Google ran the I/O keynote on May 19, 2026. Two things happened with the 3.5 family: one model went live, one got a date and nothing else.
3.5 Flash: GA on May 19 with stable API id gemini-3.5-flash
Gemini 3.5 Flash shipped generally available the same day as the keynote. It’s not a preview, not an experimental alias — the model is stable and callable as gemini-3.5-flash. That matters for anyone who got burned migrating off preview IDs before. Per the official Gemini 3.5 Flash model page from Google DeepMind, it handles understanding across text, audio, images, code, and video. It rolled out across the Gemini app, AI Mode in Search, the Gemini API in Google AI Studio, Vertex AI, and Antigravity 2.0 on launch day.
The spec sheet, for reference: 1,048,576-token input window, 65,536-token max output, January 2026 knowledge cutoff. Dynamic thinking is on by default — the model decides how much compute to spend per problem rather than waiting for you to set a budget.
3.5 Pro: announced for June, no API ID yet
Pro got a sentence on stage. Sundar Pichai said it’s in internal testing and ships “next month.” That’s June 2026. The I/O 2026 roundup from 9to5Google confirms the same framing: Pro is in testing, available next month, nothing more concrete. The live audience reportedly groaned at the delay — which tells you Pro was the part people came for.
No API model ID. No pricing. No exact date. If you’re building against Pro right now, you’re building against a press release.
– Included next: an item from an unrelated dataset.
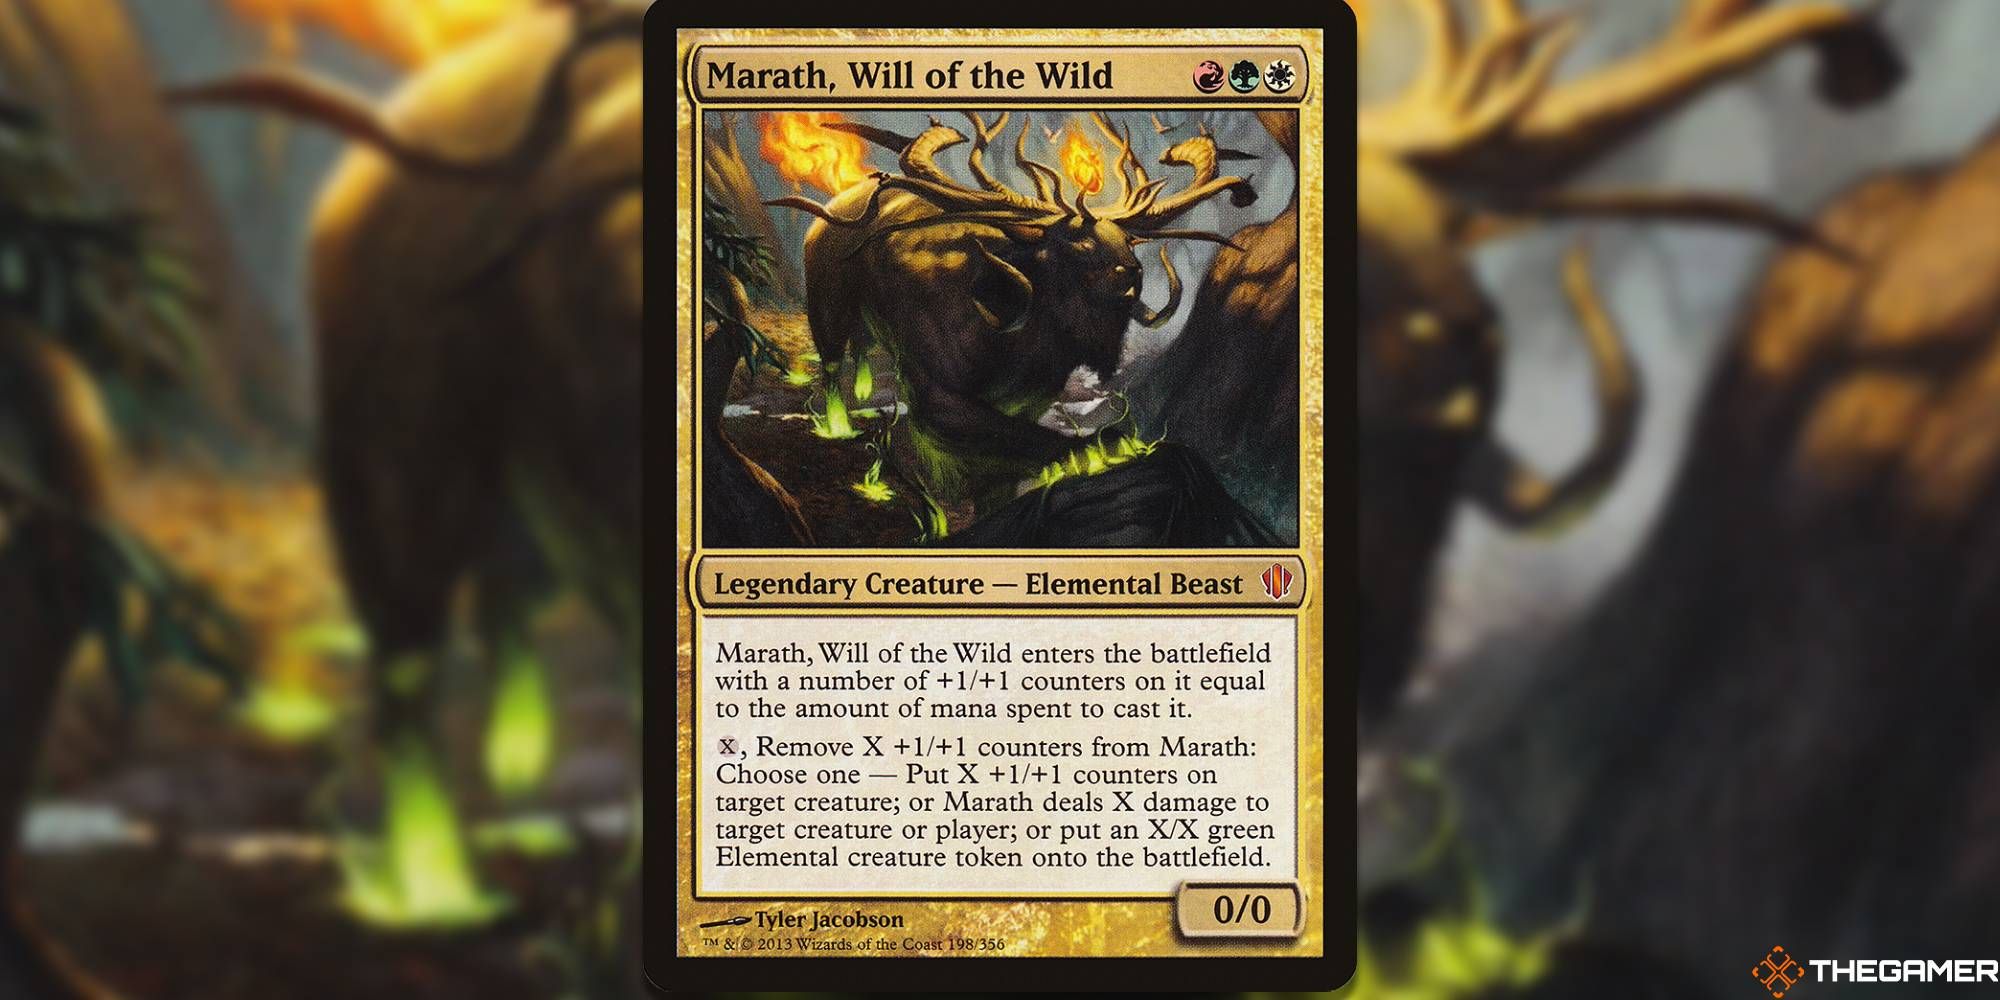 Image of the Marath, Will of the Wild card from Magic: The Gathering with art by Tyler Jacobson

Where the previous tier hierarchy got inverted
Here’s the part worth slowing down on. The old mental model was simple: Pro for hard problems, Flash for throughput. 3.5 Flash collapses that. It beats Gemini 3.1 Pro — the flagship from February 2026 — across most of the benchmark suite, while costing less and running faster. The “lightweight” tier now outperforms last generation’s premium tier.
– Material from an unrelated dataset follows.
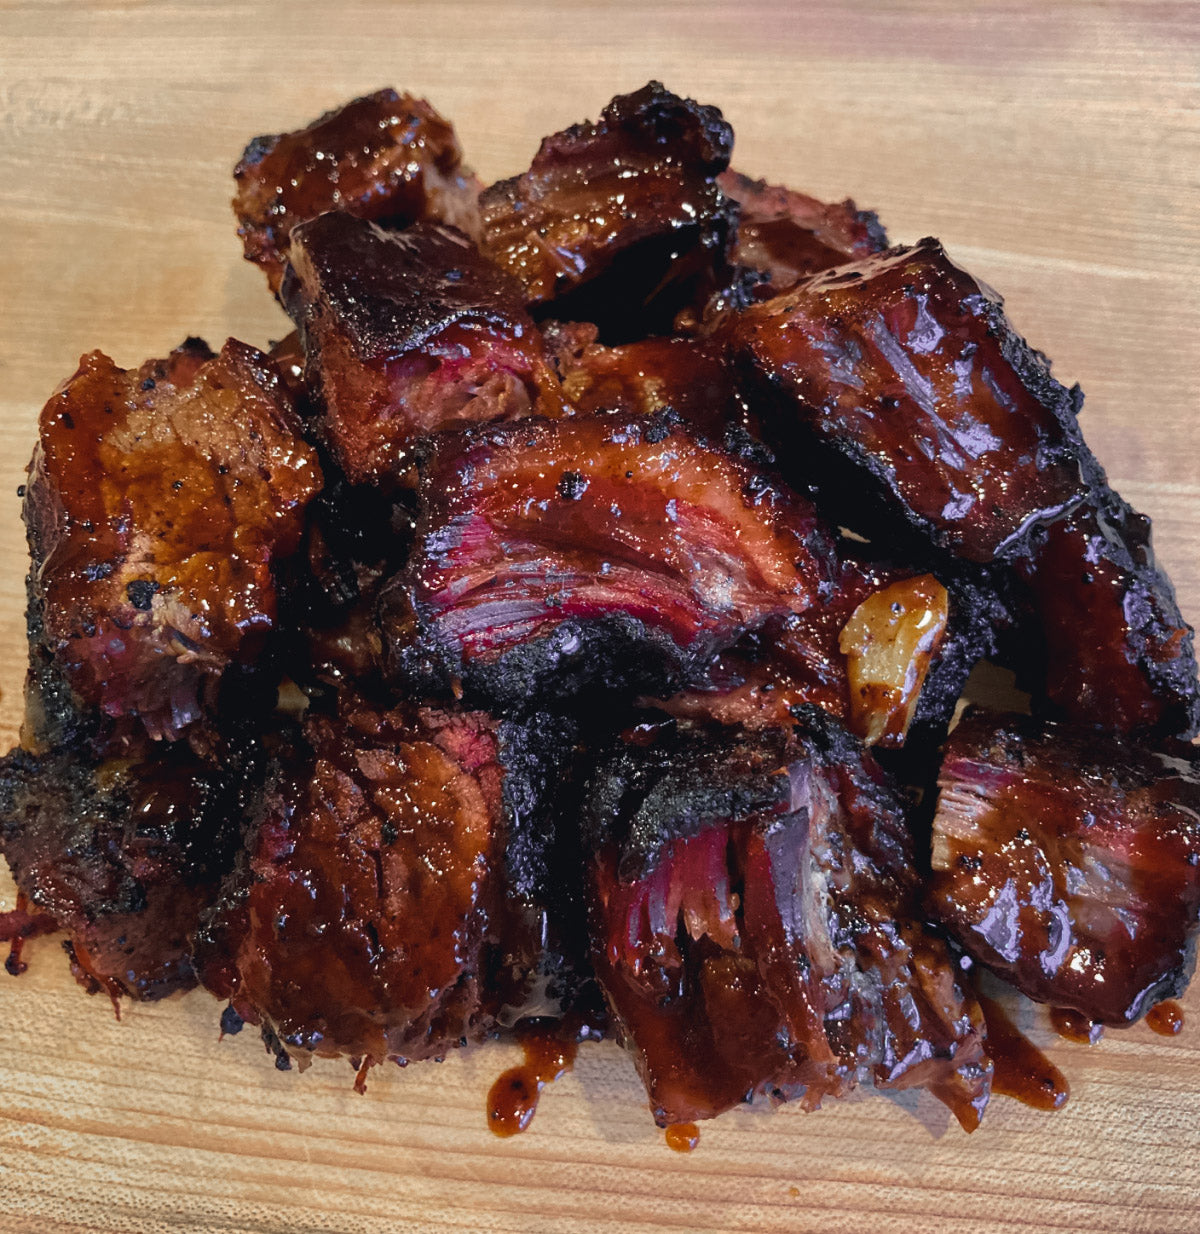 The Burnt End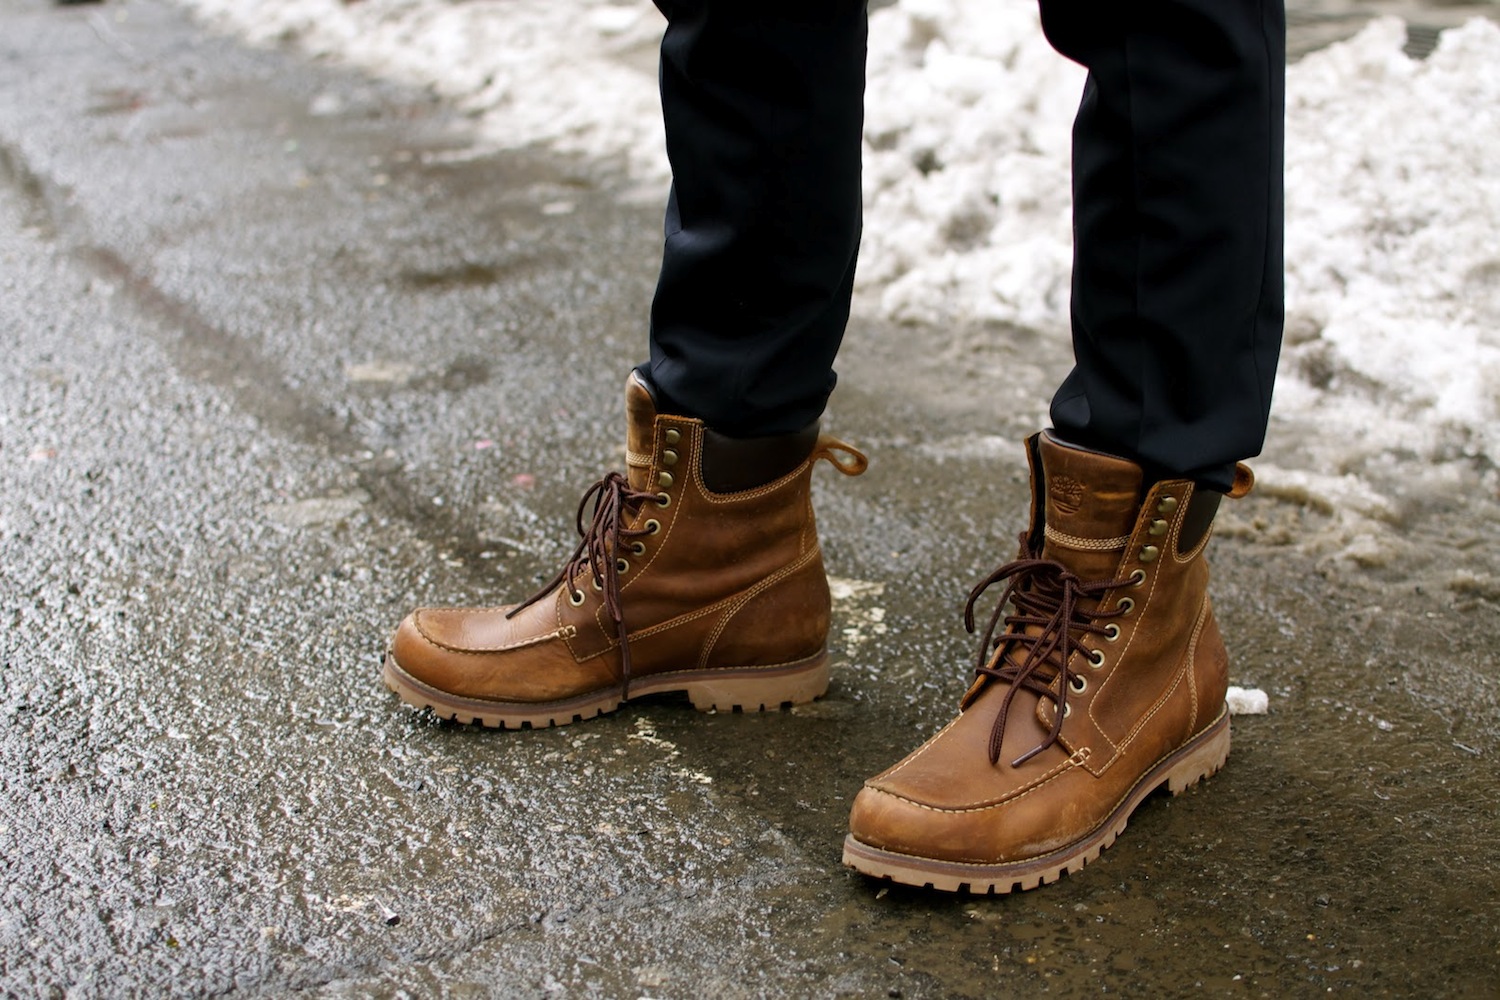 Buying the winter boots for men

So the question Google handed every builder is uncomfortable: does paying for a Pro model still make sense when the next-gen Flash already passed your old Pro? For a lot of workloads, the honest answer right now is no. I’ll come back to when it still does.
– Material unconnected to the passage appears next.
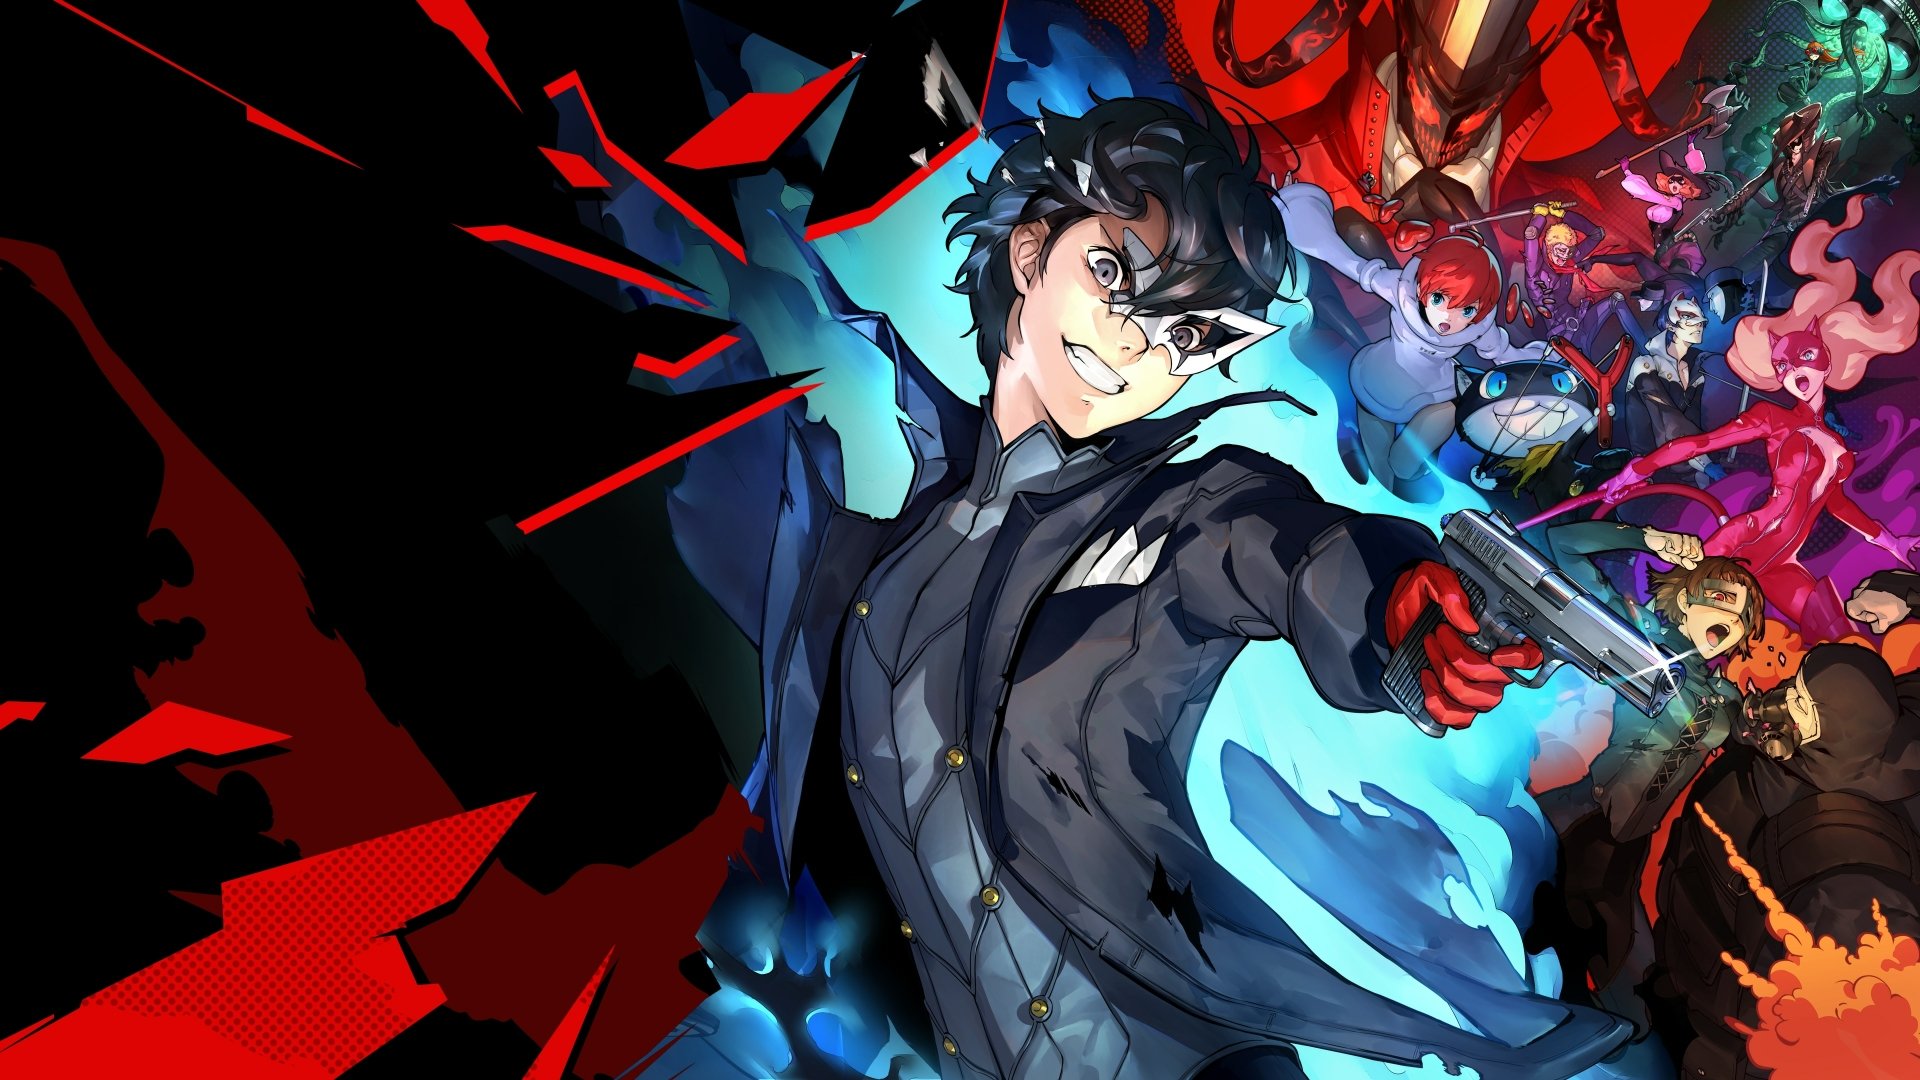 Persona 5 Strikers Hd Wallpapers And Backgrounds

What Gemini 3.5 Flash brings to production

Specs are one thing. What it costs and where it actually helps is another.
Pricing and latency profile vs. 3.1 Pro
Gemini 3.5 Flash pricing is $1.50 per 1M input tokens and $9.00 per 1M output tokens on the standard tier. Cached input runs $0.15 per 1M. Google states 3.5 Flash outputs tokens roughly 4x faster than other frontier models at its tier.
One honest flag: this is not a cheap upgrade if you’re coming from Flash-Lite. Moving from the $0.25 / $1.50 Flash-Lite rate to $1.50 / $9.00 is roughly a 6x jump on the output side. You’re paying for agentic and multimodal lift, not for a drop-in cost cut. If your task is plain extraction or routing, keep it on a cheaper route. (The price went up. Pretending it didn’t would be dishonest.)
Agent and coding benchmark results
The gemini 3.5 benchmark numbers Google published, taken at face value: 76.2% on Terminal-Bench 2.1 (coding), 1656 Elo on GDPval-AA (agentic task performance), 83.6% on MCP Atlas (tool-use reliability at scale), 84.2% on CharXiv Reasoning (multimodal understanding).
Standard benchmark caveat applies: per-task results vary by workload, prompt strategy, and token mix. A leaderboard number is a starting hypothesis, not your production result. Run your own eval before you trust the headline.
Multimodal understanding (text, image, audio, video input)

Flash accepts text, image, audio, video, and PDF as input, and you can combine them in one request. The official Gemini 3.5 Flash docs in Google AI Studio cover the migration details — including that Google Search, URL context, code execution, and custom functions can run in the same call. If you were doing chain-of-thought prompt gymnastics to force reasoning, the docs say drop it and use thinking_level instead.
What it does not generate (image/video/audio output limits)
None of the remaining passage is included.